In Topic: Throttling

28 July 2014 - 07:40 AM

So, I don't completely agree with hplus in regards to the sent data, given that I tend to send some redundant data in UDP, but I do agree that there is missing information in your blog post and above description.  How much data are you averaging per packet is the key missing item?  I will make some assumptions about the data but mostly just cover at a very high level (i.e. missing enough details to drive a truck through dry.png ) some of the problems involved with the naive solution you have.


First off, there is little reason to be sending packets at such a high rate.  Your reasoning for wanting to get things on the wire as fast as possible is relevant but when you look at the big picture, hardly viable.  The number you need to be considering here is latency, but of course latency consists of three specific pieces: delay till put on the wire, network transit time and actual receiver action time.  Assuming that your nic is completely ready to receive a packet and put it on the wire, your minimal latency is 5-10 ms because the nic/wifi/whatever needs to form the data into a packet, prepend the headers and then actually transmit the data at the appropriate rate over the wire.  Add on top of this the fact that you are sending packets every 33.33~ms you have a potential maximal latency of 40ish ms from the point you call the send API to when the data actually hits the wire.  If the network is busy, the wifi is congested or weak, you can easily be in the 50+ms range before a packet actually even hits the wire from the point you call the function to send the data.  In general, you need more intelligence in your system than simply sending packets at a high fixed rate if you want to reduce latency but still not "cause" errors and dropped packets.


The next thing to understand is that routers tend to drop UDP before TCP.  At a high level this is a technically incorrect description, it's more to the fact that the routers will see small high rate packets from your client, potentially even having two or three buffered for transit to the next hop, and then larger packets of TCP at a more reasonable rate and prefer to drop your little packets in favor of the larger packets from someone else.  Given there are easily 10+ hops between a client and a server, the packet lottery is pretty easy to loose under such conditions when the network is even minimally congested.  Add in reliable data getting dropped regularly and now your latencies are creeping up into the 200+ range depending on how you manage resend.


How to start fixing all these issues to deal with the random and unexplained nature of networking while maintaining low latency is all about intelligent networking systems.  Your "experiment" to reduce packet rates is headed in the correct direction, but unfortunately a simple on/off is not the best solution.  The direction you need to be headed is more TCP like in some ways, specifically you should be balancing latency and throughput as best you can while also (unlike what hplus suggested) using any extra bandwidth required to reduce the likelyhood of errors causing hickups.
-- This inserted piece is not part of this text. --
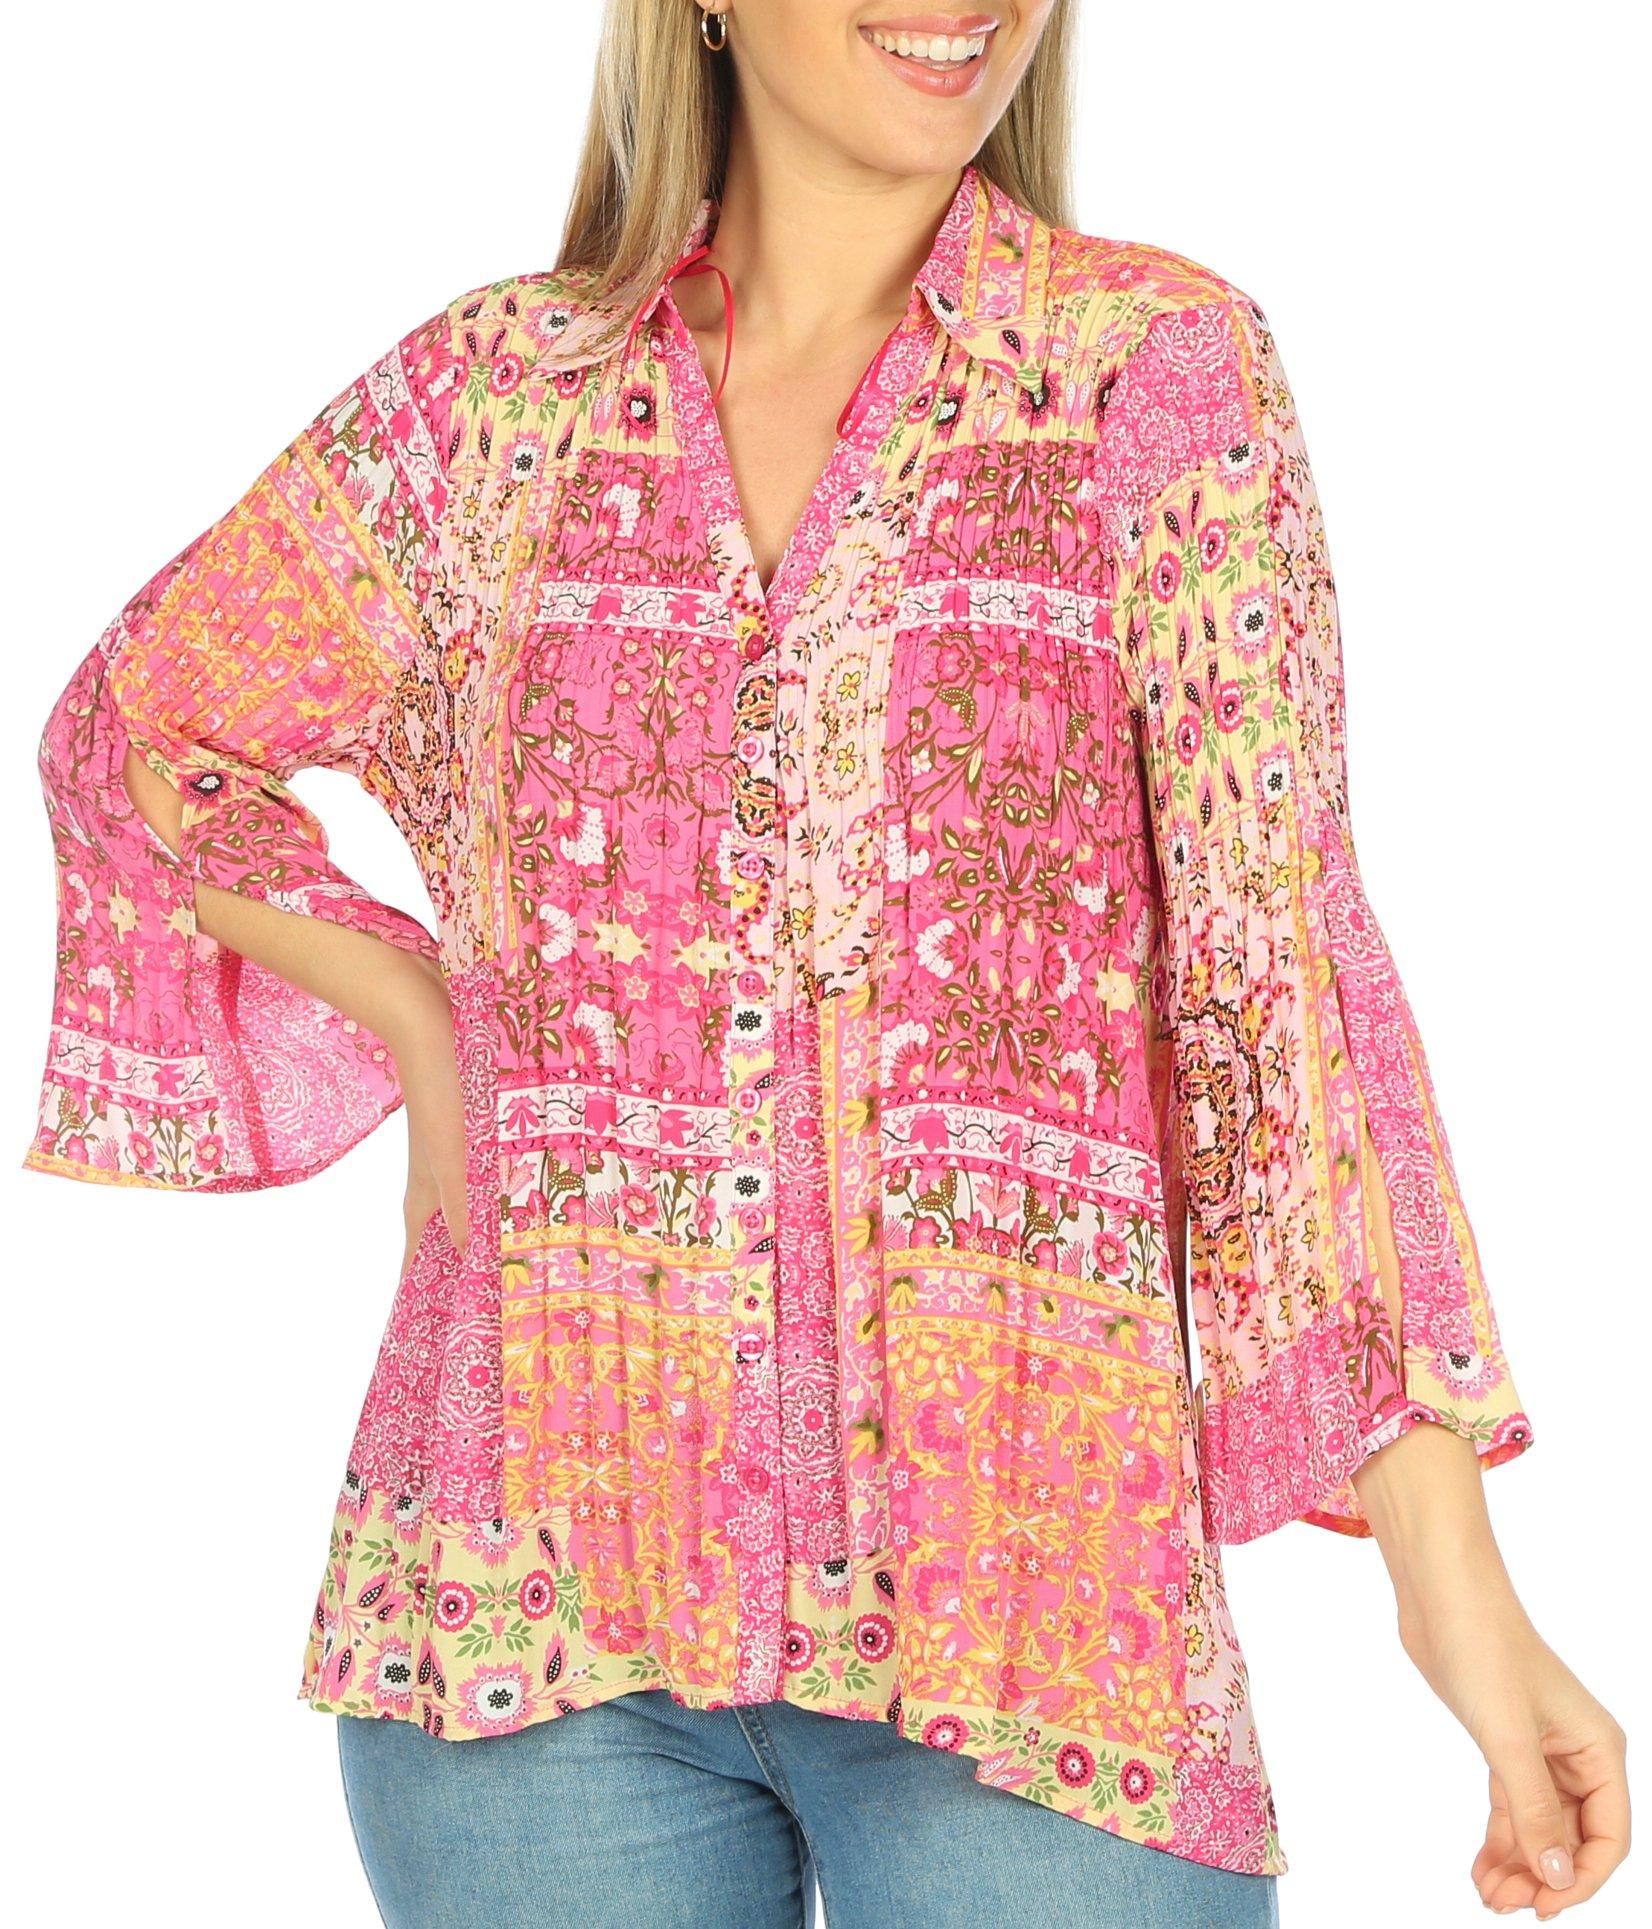 Sunny Leigh Womens Button Down Print Crinkle 3/4 Sleeve Top

I'll start by mentioning how to reduce the effect of errors on your networking first.  The common reliable case is the fire button or the do something button which must reach the other side.  In my networking systems I have a "always send" buffer which represents any critical data such as the fire button.  So, if I'm sending a position update several times a second, each packet also contains the information for the fire button until such time as the other side ack's that it received it.  So, baring massive network hickup, even through a couple packets may have been dropped the fire button message will likely get through as quickly as possible.  This is specifically for "critical" data, I wouldn't use this for chat or other things which are not twitch critical.  In general, this alone allows you to avoid the worst cases of having "just the wrong packet got dropped" which throws off the players game.  Yup, it uses more data than strictly necessary but for very good reason.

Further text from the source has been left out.